On Wed, Sep 24, 2014 at 6:57 AM, aaguilar <antelmo.aguilar...@nd.edu> wrote:

> Hello Erick,
>
> Just wanted to let you know that I did the change you suggested and
> everything works as expected.  Also, thanks for letting me know about the
> Analysis page in solr.  I did not know about it and I have found it very
> useful.
>
> Thanks!
>
> On Mon, Sep 22, 2014 at 5:41 PM, Antelmo Aguilar <
> antelmo.aguilar...@nd.edu>
> wrote:
>
> > Hello Erick,
> >
> > Thank you so much for your help.  That makes perfect sense.  I will do
> the
> > changes you suggest and let you know how it goes.
> >
> > Thanks!
> >
> > On Mon, Sep 22, 2014 at 4:12 PM, Erick Erickson [via Lucene] <
> > ml-node+s472066n4160547...@n3.nabble.com> wrote:
> >
> >> You have your index and query time analysis chains defined much
> >> differently. Omitting the WordDelimiterFilterFactory from the
> >> query-time analysis chain will lead to endless problems.
> >>
> >> With the definition you have, here are the terms in the index and
> >> their term positions as  below. This is available from the
> >> admin/analysis page if you click the "verbose" checkbox, although I
> >> admit it's kind of hard to read:
> >> 1         2                       3            4
> >> fatty  acid-binding     binding    protein
> >>          acid
> >>
> >> But at query time, this is how they're being analyzed
> >> 1             2                   3
> >> fatty    acid-binding    protein
> >>
> >> So searching for "fatty acid-binding protein" requires that the tokens
> >> "fatty" "acid-binding" and "protein" appear in term positions 1, 2, 3
> >> rather  than where they actually are (1, 2, 4). Searching for "fatty
> >> acid-binding protein"~1 would actually find this, the "~1" means allow
> >> one gap in there.
> >>
> >> HOWEVER, that's the least of your problems. WordDelimiterFilterFactory
> >> will _also_ "split on intra-word delimiters (all non alpha-numeric
> >> characters)". While that doesn't really say so explicitly, that will
> >> have the effect of removing puncutation. So searching for "fatty
> >> acid-binding protein."~1 (note the period) will fail since the token
> >> will include the period.
> >>
> >> I'd _really_ advise you to use the stock WordDelimiterFilterFactory
> >> settings in both analysis and query times included in the stock Solr
> >> release for, say, text_en_splitting or even a single analyzer like
> >> text_en_splitting_tight.
> >>
> >> Best,
> >> Erick
> >>
> >> On Mon, Sep 22, 2014 at 6:33 AM, aaguilar <[hidden email]

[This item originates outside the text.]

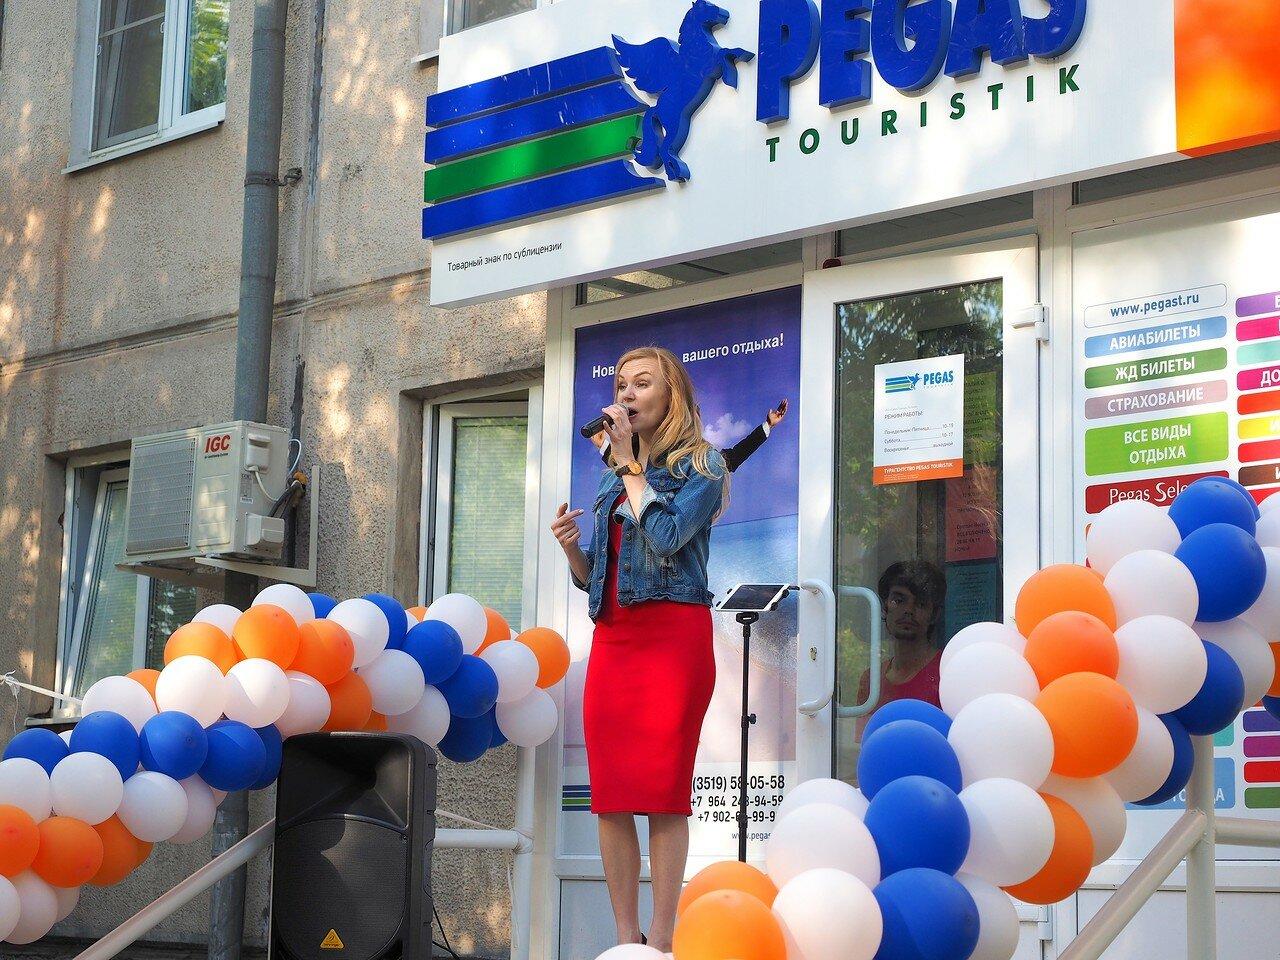 28 Открытие нового офиса Pegas Touristik 14.06.2017

> >> <http://user/SendEmail.jtp?type=node&node=4160547&i=0>> wrote:
> >>
> >> > Hello Erick.
> >> >
> >> > Below is the information you requested.   Thanks for your help!
> >> >
> >> > <fieldType name="text_ws_finer" class="solr.TextField"
> >> positionIncrementGap=
> >> > "100"> <analyzer type="index"> <tokenizer class=
> >> > "solr.WhitespaceTokenizerFactory"/> <filter class=
> >> > "solr.WordDelimiterFilterFactory" splitOnNumerics="0"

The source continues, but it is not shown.